Maternal bodymass index and congenital anomaly risk: a cohort study.
Rankin J. et al. International Journal of Obesity 2010 (34): 1371-80.

 

L’état nutritionnel de la mère (malnutrition ou obésité) a un impact sur le développement du fœtus et notamment sur le risque d’anomalies congénitales.
C’est ce que confirme une étude longitudinale en cohorte dans le Nord-Est de l’Angleterre. Sur près de 41.000 naissances entre 2003 et 2005, 682 anomalies congénitales ont ainsi été décrites, soit une incidence de 166 cas pour 10.000 naissances, ce qui est proche des chiffres décrits dans d’autres populations.

 

Dans la moitié des cas, il s’agissait d’anomalies cardiaques (CIA, CIV). Les principaux facteurs maternels significativement associés au risque d’anomalie congénitale étaient les indices de masse corporelle extrêmes (IMC < 18,5 kg/(m)² (RR 1,6) et IMC > 30 kg/(m)² (RR 1,3)), l’existence d’un diabète avant la grossesse (RR 3,22) et le tabagisme maternel (RR 1,28).
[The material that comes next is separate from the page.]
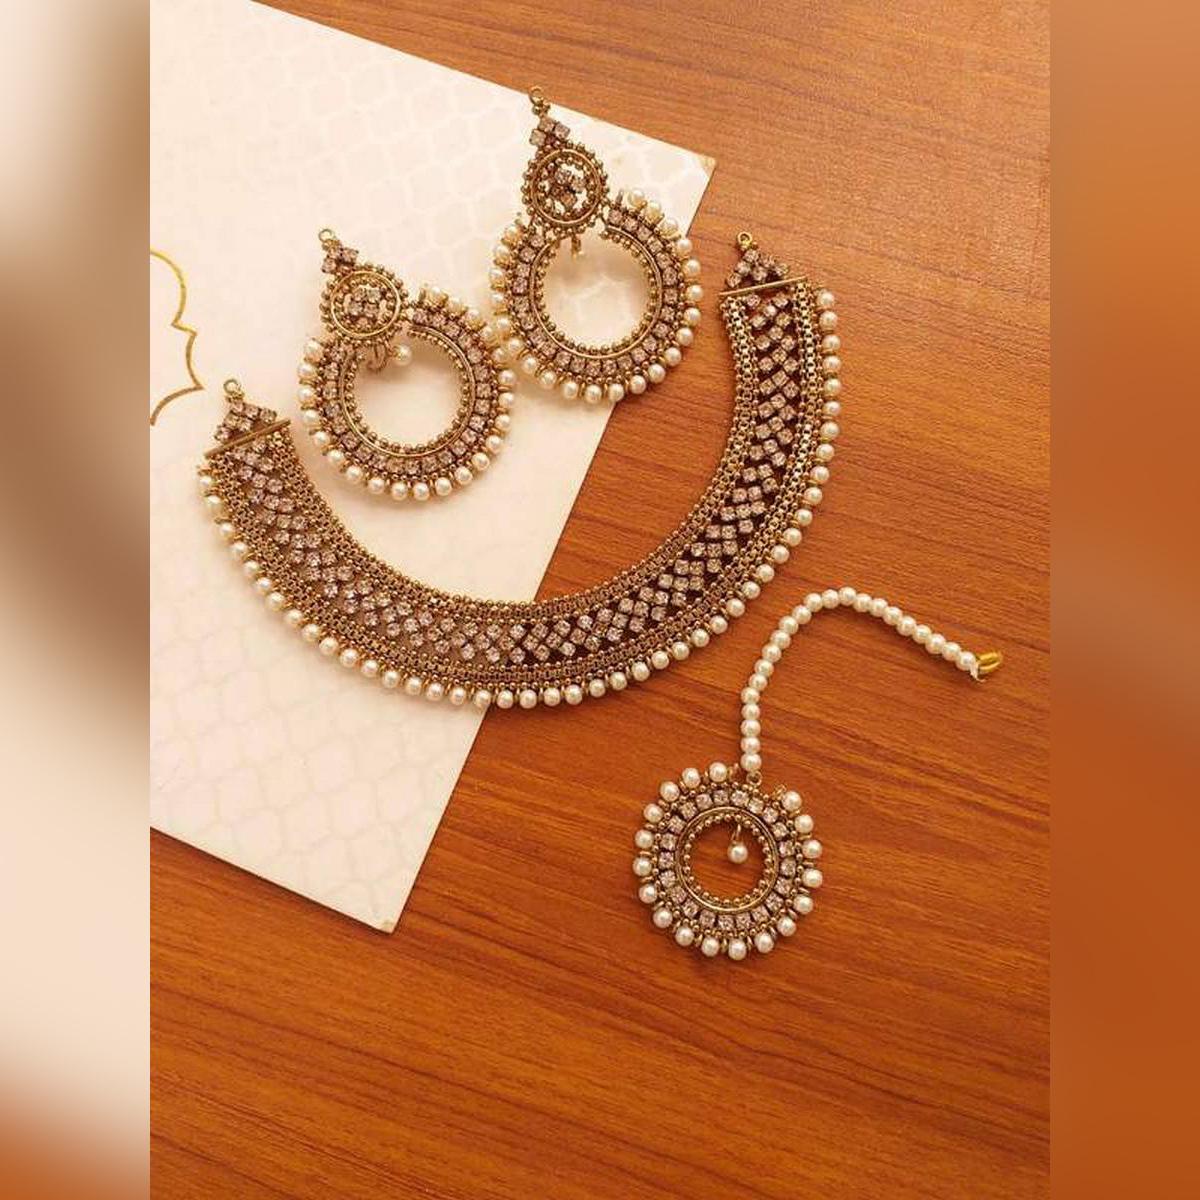 New fashionable stylish design long lasting polish for girls and woman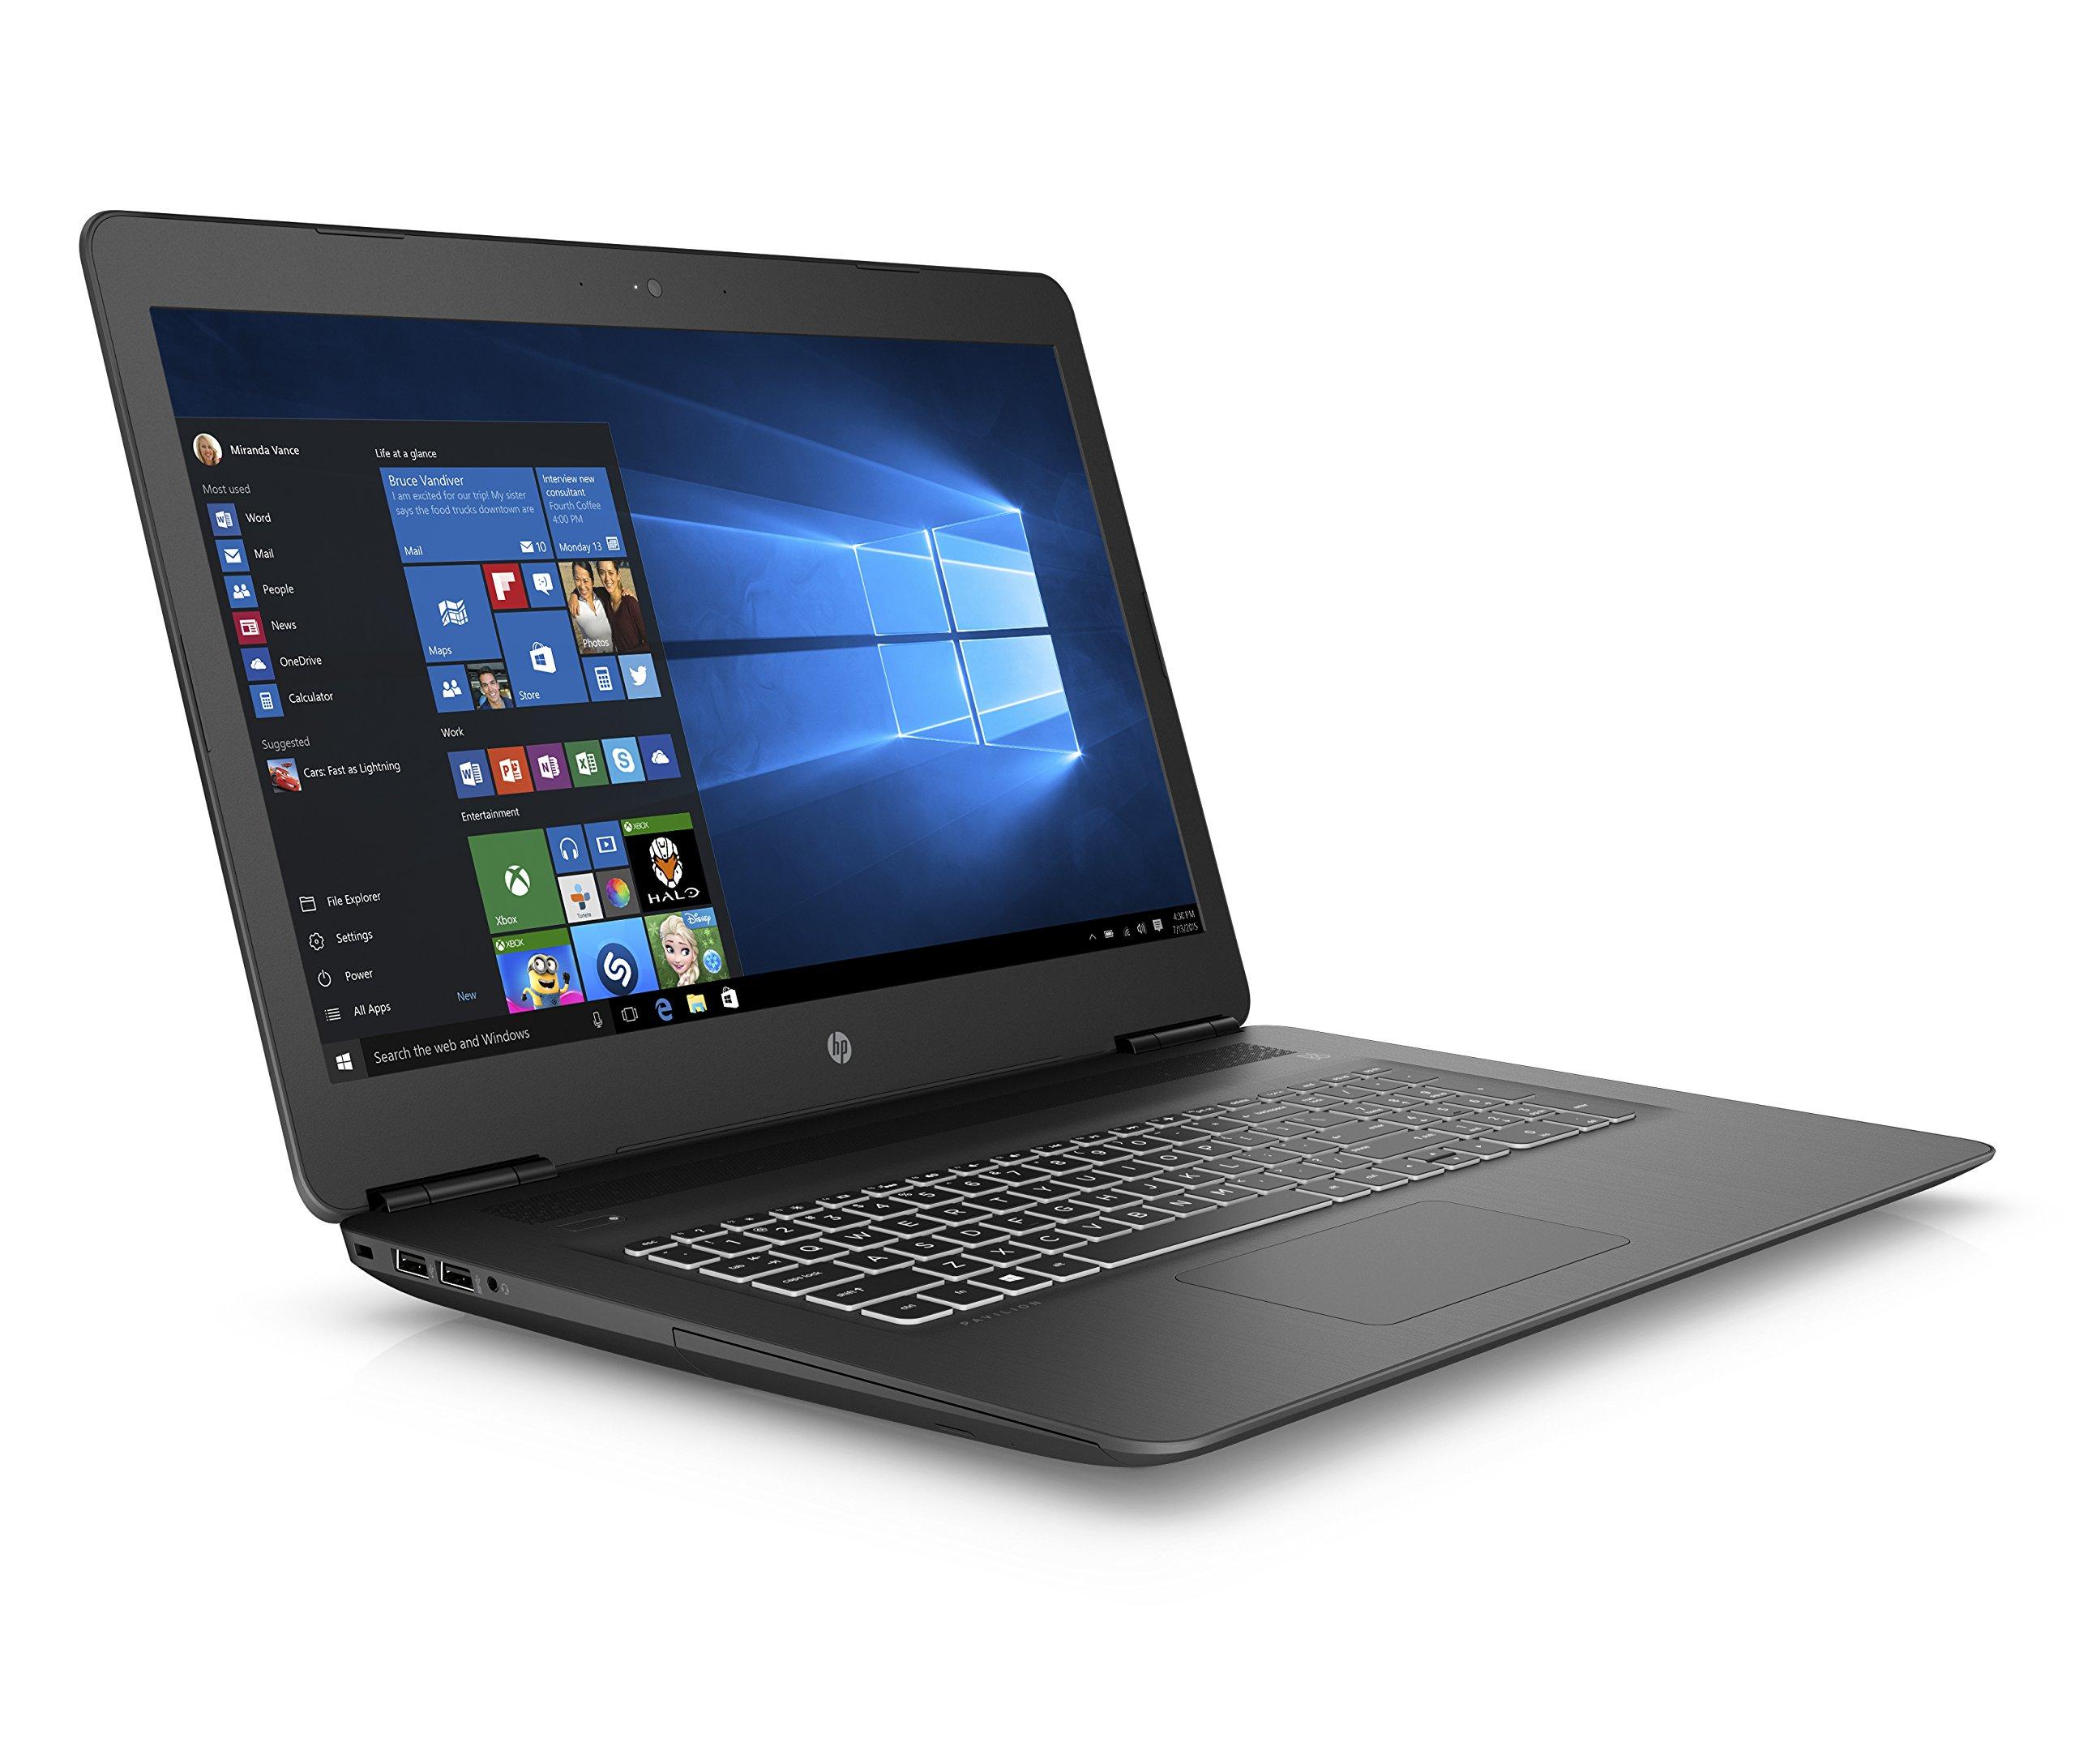 HP Pavilion 17-ab405na 17.3 Inch FHD Gaming Laptop – (Black) (Intel i5-8300H, 8 GB RAM, 1 TB HDD, NVIDIA GeForce GTX…

Chez les mères ayant un IMC < 18,5 kg/(m)² avant la grossesse, il existait un risque plus élevé d’anomalies cardiaques type CIA (RR 2,8) et génitales type hypospadias (RR 6,3) alors que chez les mères obèses, les risques principaux étaient les anomalies oculaires (RR 11,36) les CIV (RR 1,56) et les fentes labiales (RR 3,71).

 

Dans cette étude, il n’y avait aucune augmentation du risque d’anomalies de fermeture du tube neural, peut-être en raison d’un effectif plus faible que ceux des études américaines.

 

Malgré cette faiblesse, ce travail permet de confirmer que le maintien d’un état nutritionnel correct est capital chez les femmes ayant un projet de grossesse à court terme, en complément de certaines supplémentations comme celle en acide folique.